→ YOUR ASSIGNMENT
Begin at the line holding "Steelers’ Mason Rudolph" and set down exactly each line through the last one below, omitting pictures. Include nothing else.

→ SUPPLIED MATERIAL
--- START ---
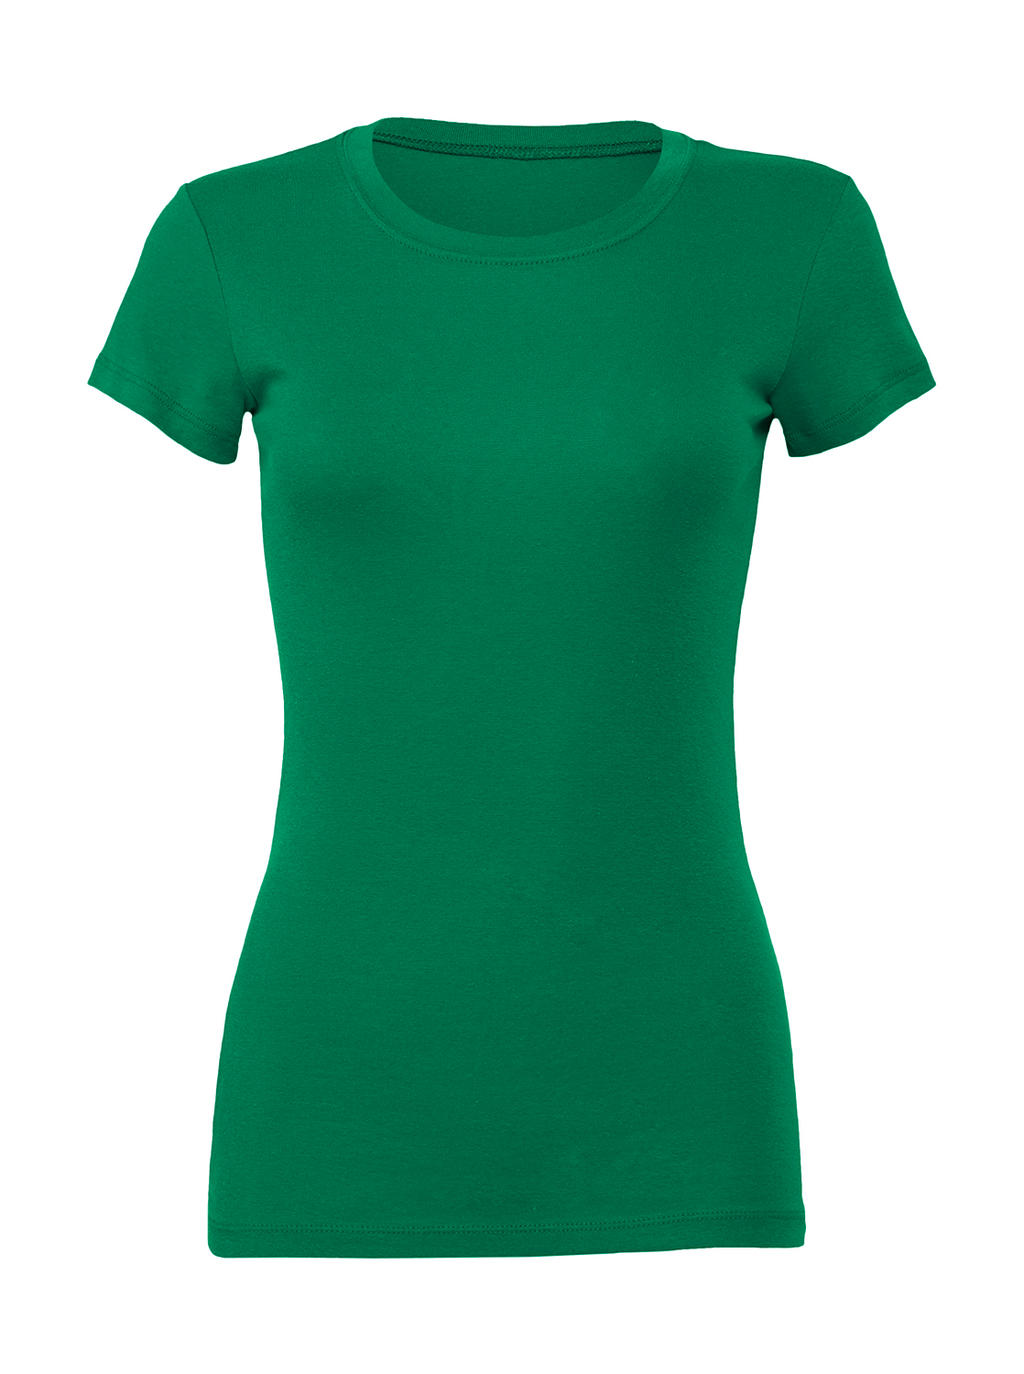  The Favorite T-Shirt in Farbe Kelly Green
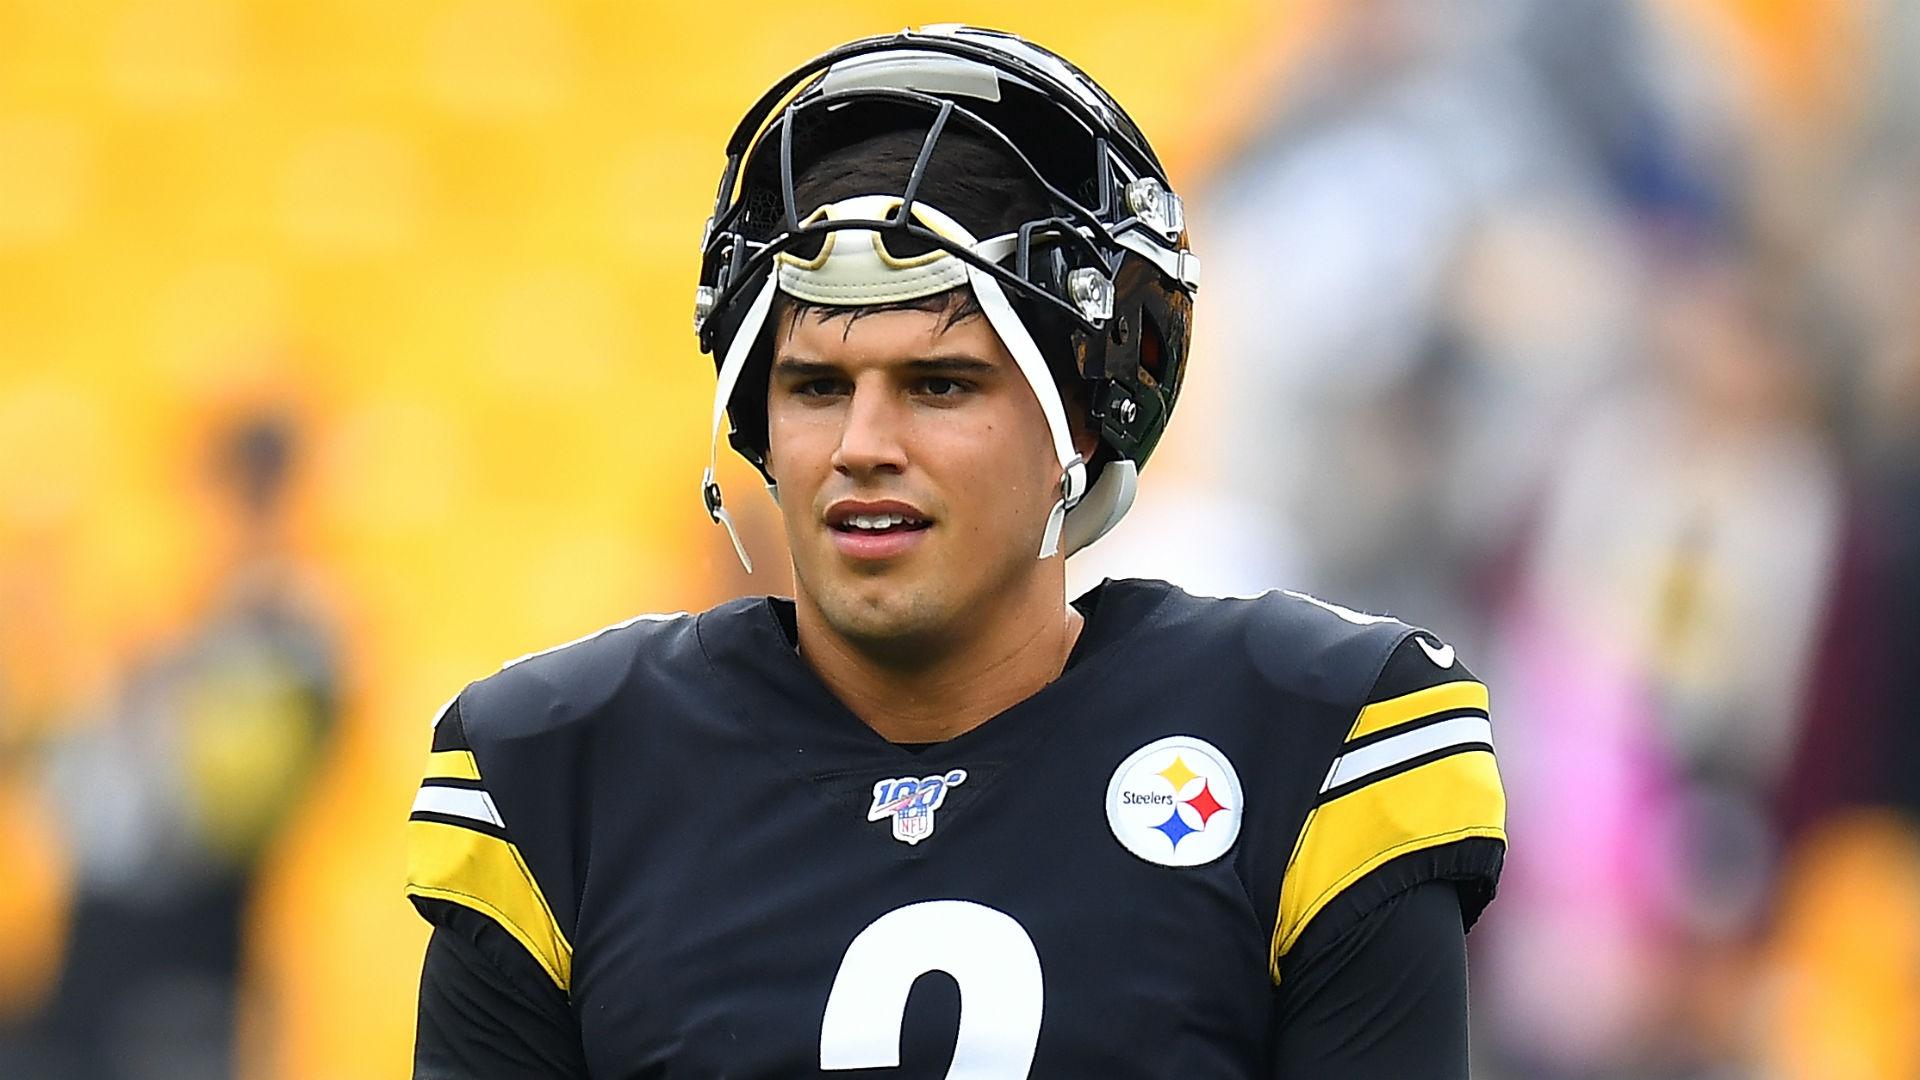 Steelers’ Mason Rudolph gets real about not earning his $1,080,000 salary…
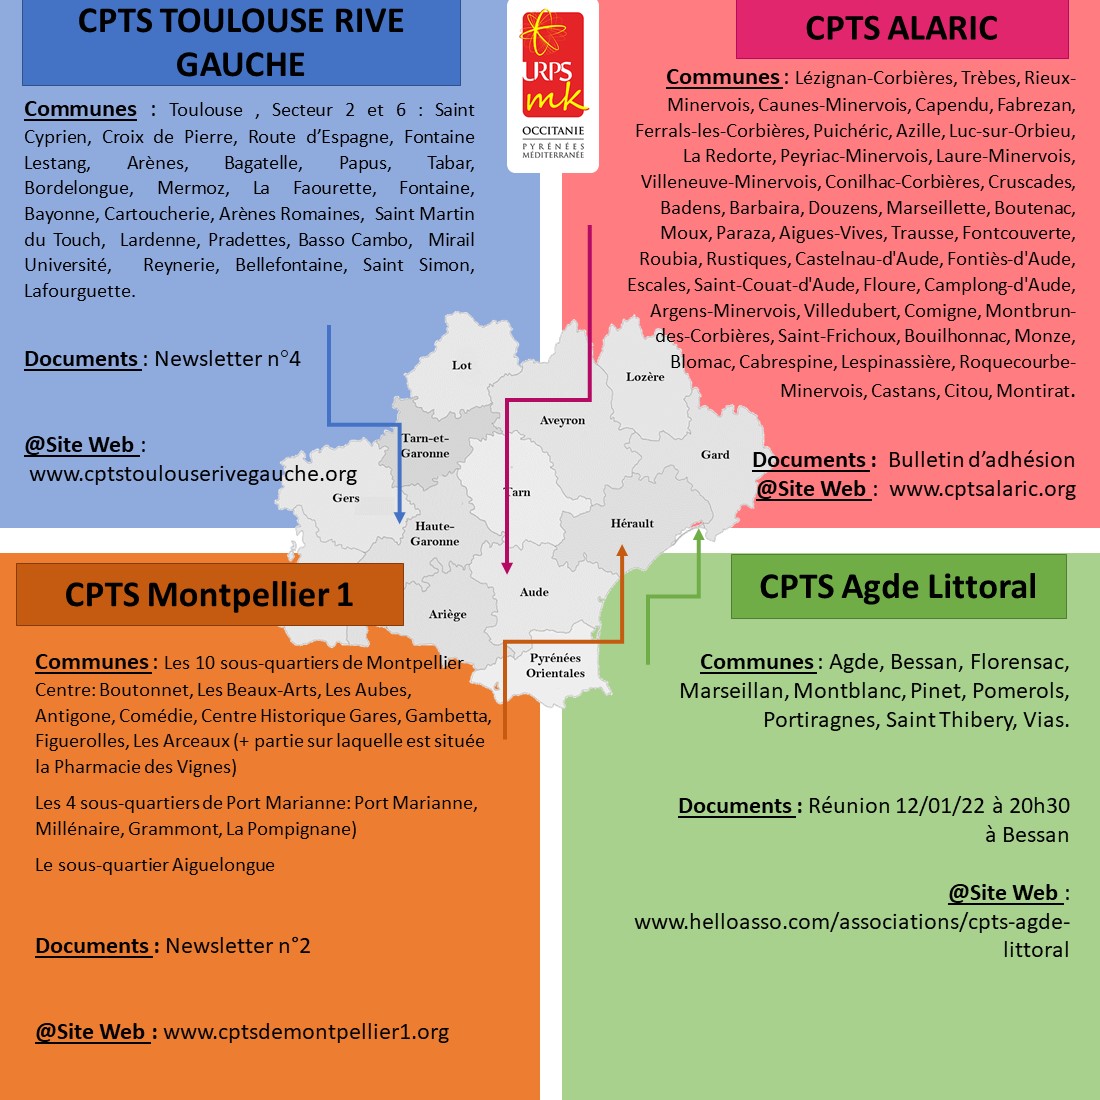 Cpts infographie fev 22 alaric mtp 1 agde toulouse rv gche
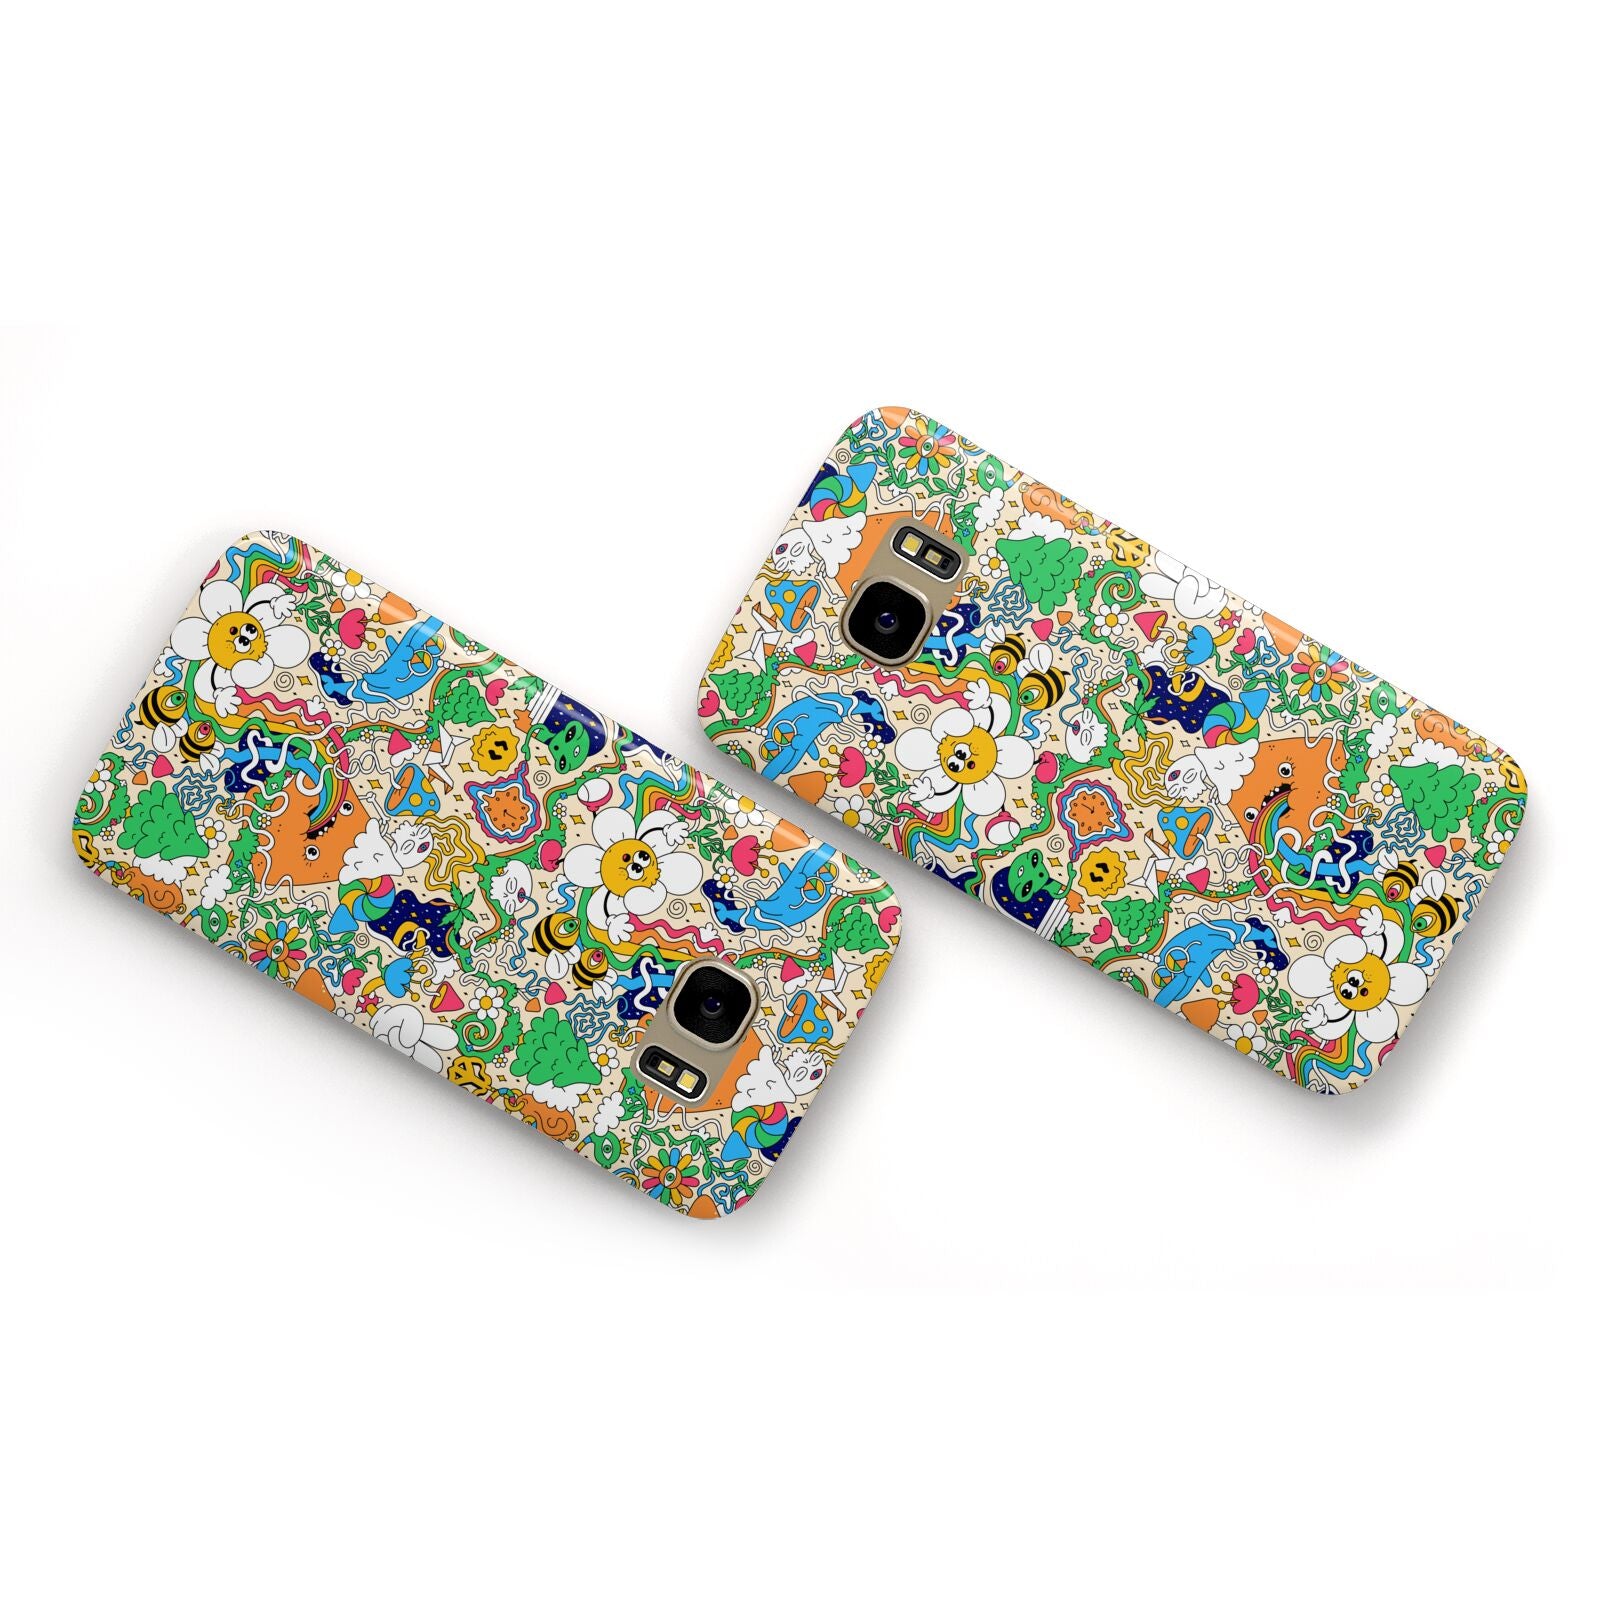 Psychedelic Trippy Samsung Galaxy Case Flat Overview
--- END ---
→ ANSWER TO THIS TASK
 Steelers’ Mason Rudolph gets real about not earning his $1,080,000 salary…
 Cpts infographie fev 22 alaric mtp 1 agde toulouse rv gche
 Psychedelic Trippy Samsung Galaxy Case Flat Overview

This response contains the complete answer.